2. The system of claim 1, wherein the processor identifies at least one isolated peak of the trace using the series of expected peak times by identifying one or more peaks that has a minimum overlap with adjacent peaks by calculating intensities at midpoints between peaks using the series of expected peak times and selecting each peak that has an intensity at each midpoint with an adjacent peak that is less than a threshold intensity value, and identifying a peak of the one or more peaks that has a minimum overlap and that has the highest intensity as the at least one isolated peak.
3. The system of claim 1, wherein the at least two different distribution functions comprise a Gaussian distribution function.
4. The system of claim 1, wherein the at least two different distribution functions comprise a Weibull distribution function.
5. The system of claim 1, wherein the sample introduction system comprises a surface analysis system.
6. The system of claim 5, wherein the surface analysis system comprises a matrix-assisted laser desorption ionization (MALDI) device.
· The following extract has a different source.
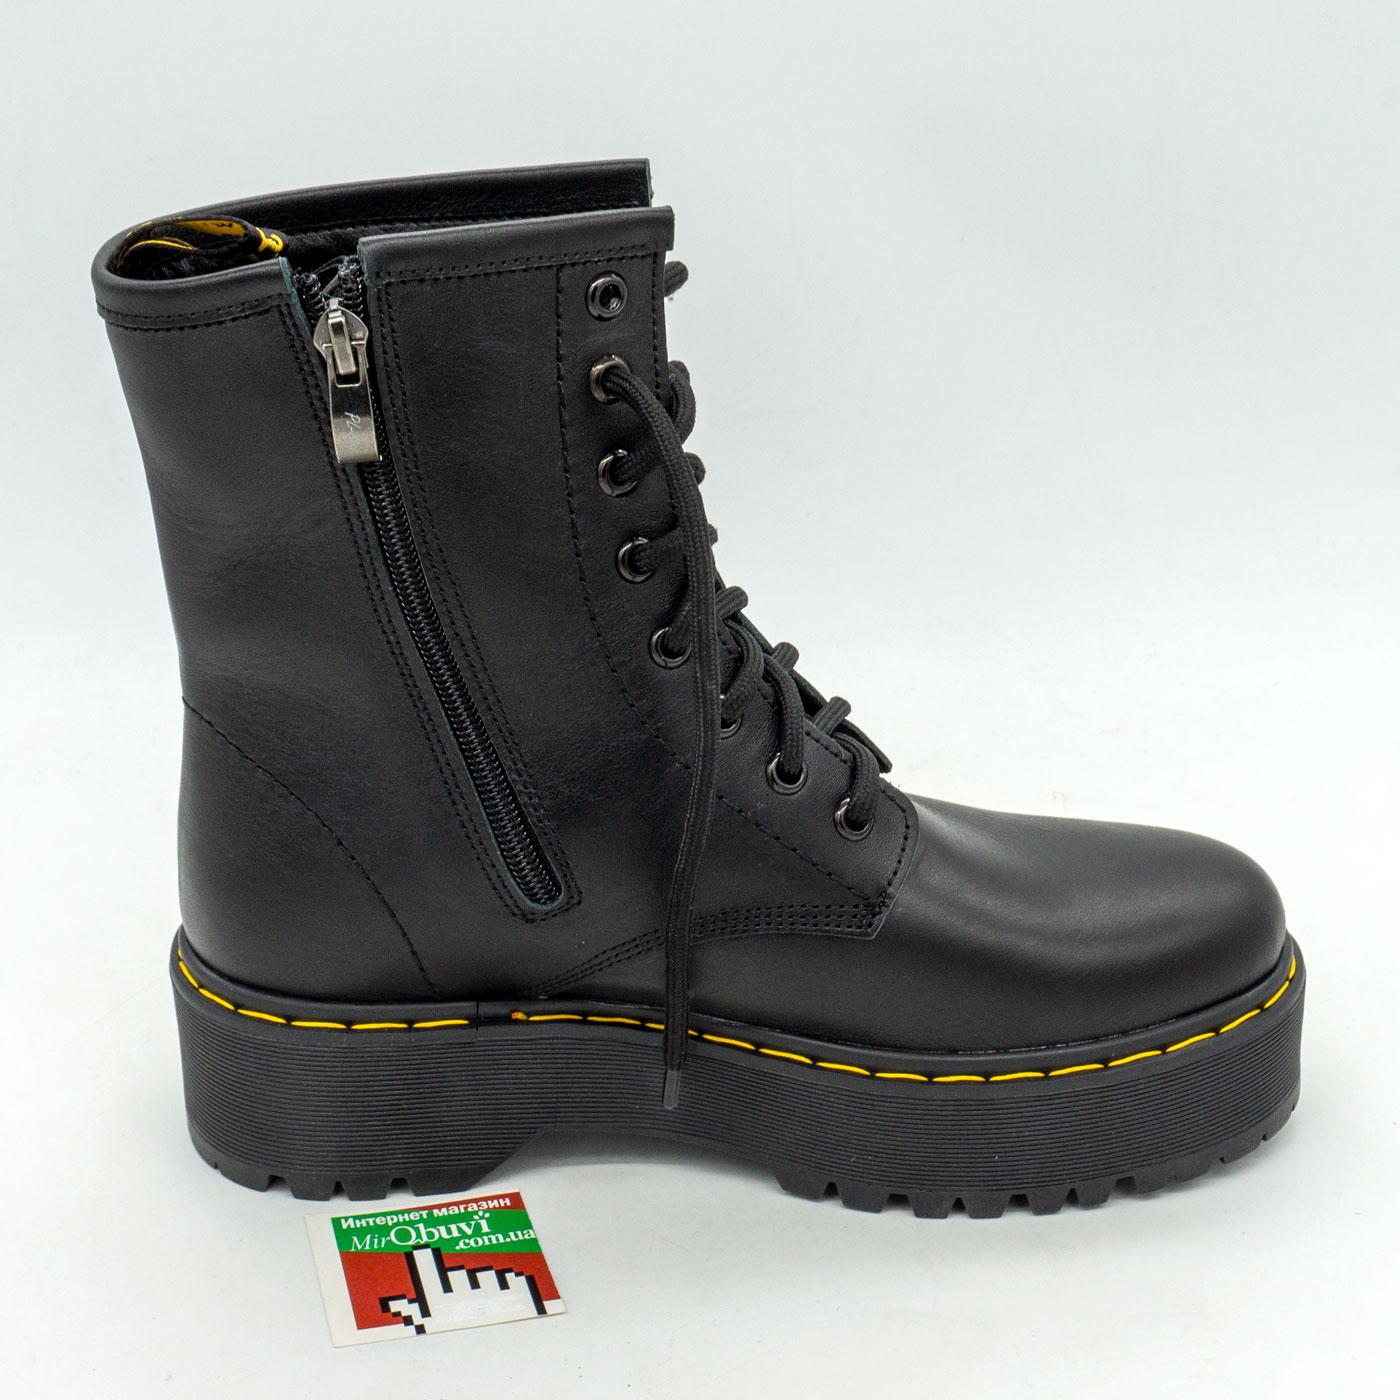 фото front Зимние черные женские ботинки в Dr. Martens на платформе - 003 front

7. The system of claim 5, wherein the surface analysis system comprises a laser diode thermal desorption (LDTD) device.
8. The system of claim 1, wherein the sample introduction system comprises a flow injection device and an ion source device.
9. The system of claim 8, wherein the flow injection device comprises a timed valve device that injects sample into a flowing stream through a valve at each ejection time of the series of ejection times and wherein the ion source device ionizes samples of the flowing stream, producing the ion beam.
10. The system of claim 8, wherein the flow injection device comprises a droplet dispenser that ejects the series of samples as droplets into a flowing stream at each ejection time of the series of ejection times and wherein the ion source device ionizes samples of the flowing stream, producing the ion beam.
11. The system of claim 10, wherein the droplet dispenser comprises an acoustic droplet ejection (ADE) device that ejects the series of samples as droplets into an inlet of a tube of an open port interface (OPI), wherein the OPI mixes the droplets of the series of samples with a solvent in the tube to form a series of analyte-solvent dilutions and transfers the series of dilutions to an outlet of the tube of the OPI, and wherein the ion source device receives the series of dilutions and ionizes samples of the series of dilutions, producing the ion beam.
12. The system of claim 1, wherein each time of the series of expected peak times comprises a time at which an apex of a peak is expected.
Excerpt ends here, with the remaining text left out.